A máquina mediática amplifica este ruído tanto mais naturalmente quanto o seu ritmo se acelera e quanto já só sabe produzir temas ofegantes que possam reter a atenção e suscitar o voyeurismo, a compaixão embrutecida e o medo. A extrema-direita e o fundamentalismo religioso aproveitam muitas vezes a desordem geral e o protagonismo quase sistemático dos temas que lhe são caros. Combatentes rivais do «choque das civilizações», propagam a nostalgia de um regresso a um universo de tradições, de obediência, de fé. Defendem uma ordem social moldada e petrificada pelo culto da identidade, da terra, da guerra e dos mortos.
Aqui e ali, tentativas de evasão, de belas escapatórias, como na Grécia, embatem num bloco compacto de malevolência e de interditos. Os interesses em jogo são poderosos; a batalha, forçosamente desigual. Sair da armadilha exigiria uma visão clara das forças sociais a pôr em movimento, dos aliados a conquistar para a causa, das prioridades sobre as quais assentar a acção [1]. Ora, às referências que armaram os combates emancipadores do passado – a direita e a esquerda, o imperialismo e o progressismo, a etnia e o povo – parece aplicar-se melhor do que nunca uma observação do escritor Jean Paulhan: «Tudo foi dito. Sem dúvida. Se as palavras não tivessem mudado de sentido; e o sentido, de palavras» [2].
França é um exemplo singular disto mesmo. Desde que a FN se tornou um dos principais partidos do país, o termo «tripartidarismo» reencontrou uma segunda juventude. Não fora um minúsculo detalhe: originalmente (1944-1947), o termo remetia para dois partidos que se reclamavam do marxismo e para um terceiro de centro-esquerda [3]…

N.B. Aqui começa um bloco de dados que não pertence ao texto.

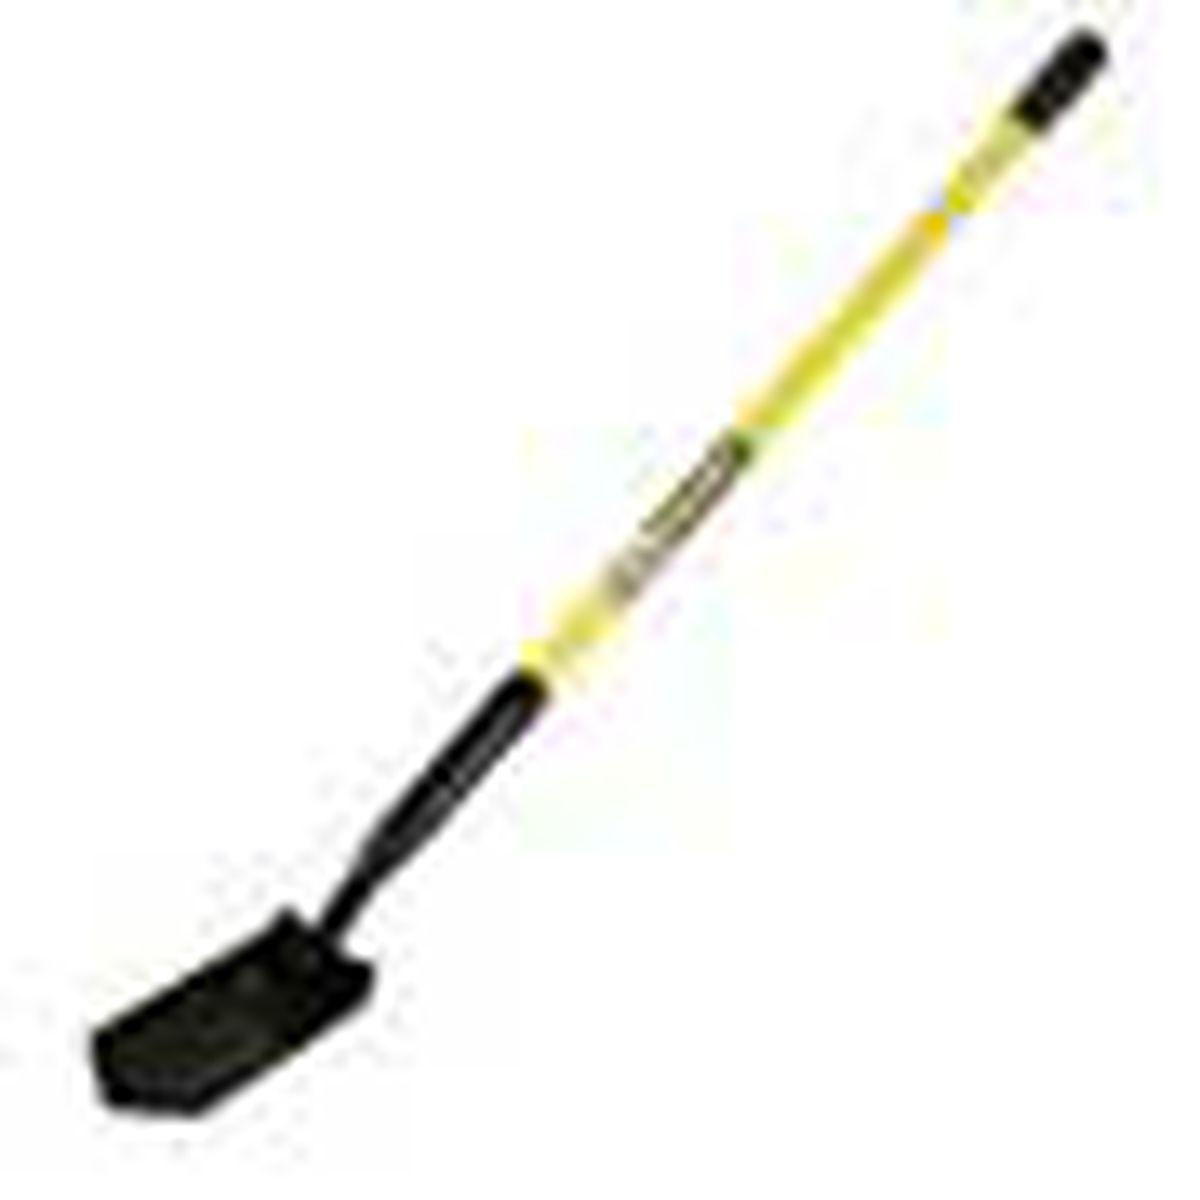 Trenching Shovel

O actual jogo a três desencadeou um concurso de amálgamas, com cada protagonista a pretender que os dois outros se uniram, pelo menos tacitamente, contra ele. «UMPS», repete a FN. «FNPS», objecta Nicolas Sarkozy. «UMPFN», corrigem muitos dirigentes de esquerda. O nevoeiro parece ser tanto mais impenetrável quando nenhuma das três imputações é completamente infundada. «Em matéria económica, a política de François Hollande é a mesma que a de Nicolas Sarkozy» [4], admite por exemplo Arnaud Montebourg, antigo ministro socialista, cuja perspicácia duplicou desde que foi afastado do governo, em Agosto último. União para um Movimento Popular (UMP) e Partido Socialista (PS) dão a impressão de se afrontarem em França, mas nenhum põe em causa os grandes parâmetros económicos e financeiros fixados pela União Europeia, parâmetros esses de que depende quase tudo o resto. (...)

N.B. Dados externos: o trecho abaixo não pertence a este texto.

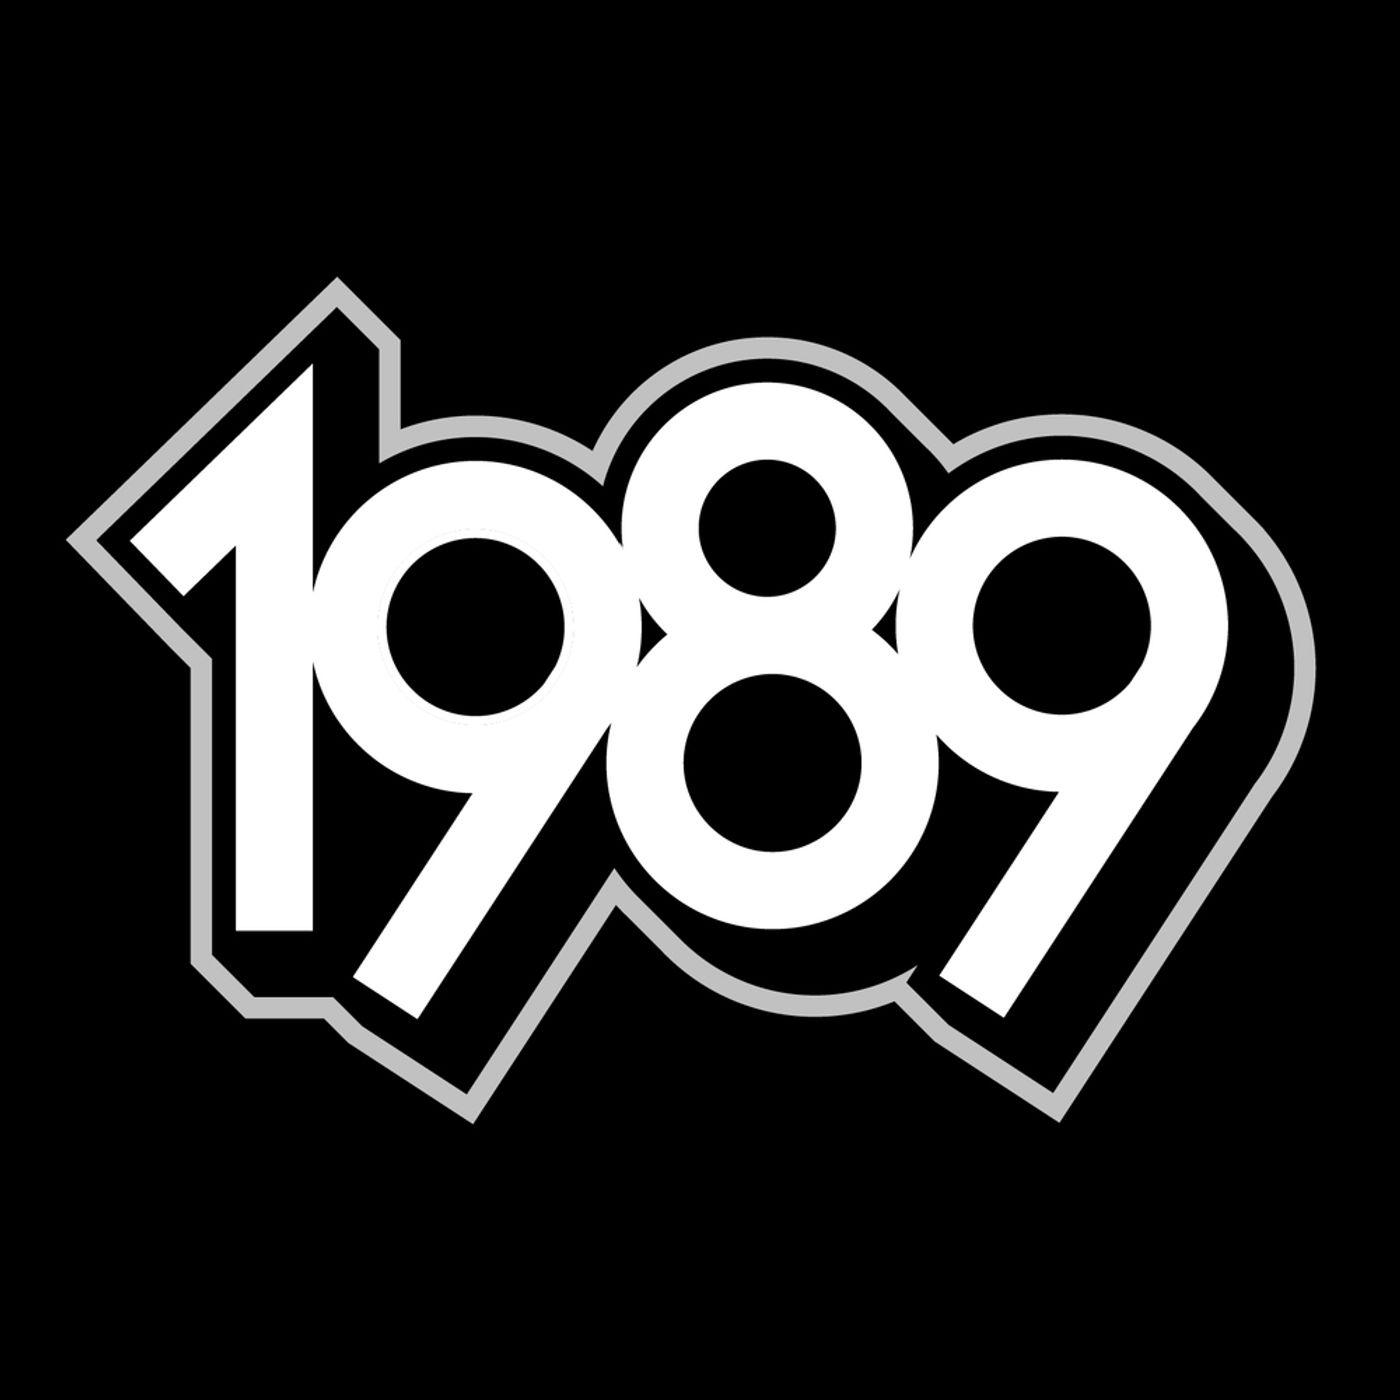 Reelin' 4-28-1989

domingo 10 de Maio de 2015, " Le Monde Diplomatique
Notas
[1] Ler «Estratégia para uma reconquista», Le Monde diplomatique – edição portuguesa, Setembro de 2013.
[2] Jean Paulhan, Enigmes de Perse, Babel, Paris, 1992.
[3] O Partido Comunista Francês (PCF), a Secção Francesa da Internacional Operária (SFIO) e o Movimento Republicano Popular (MRP).
[4Les Échos, Paris, 1 de Abril de 2015.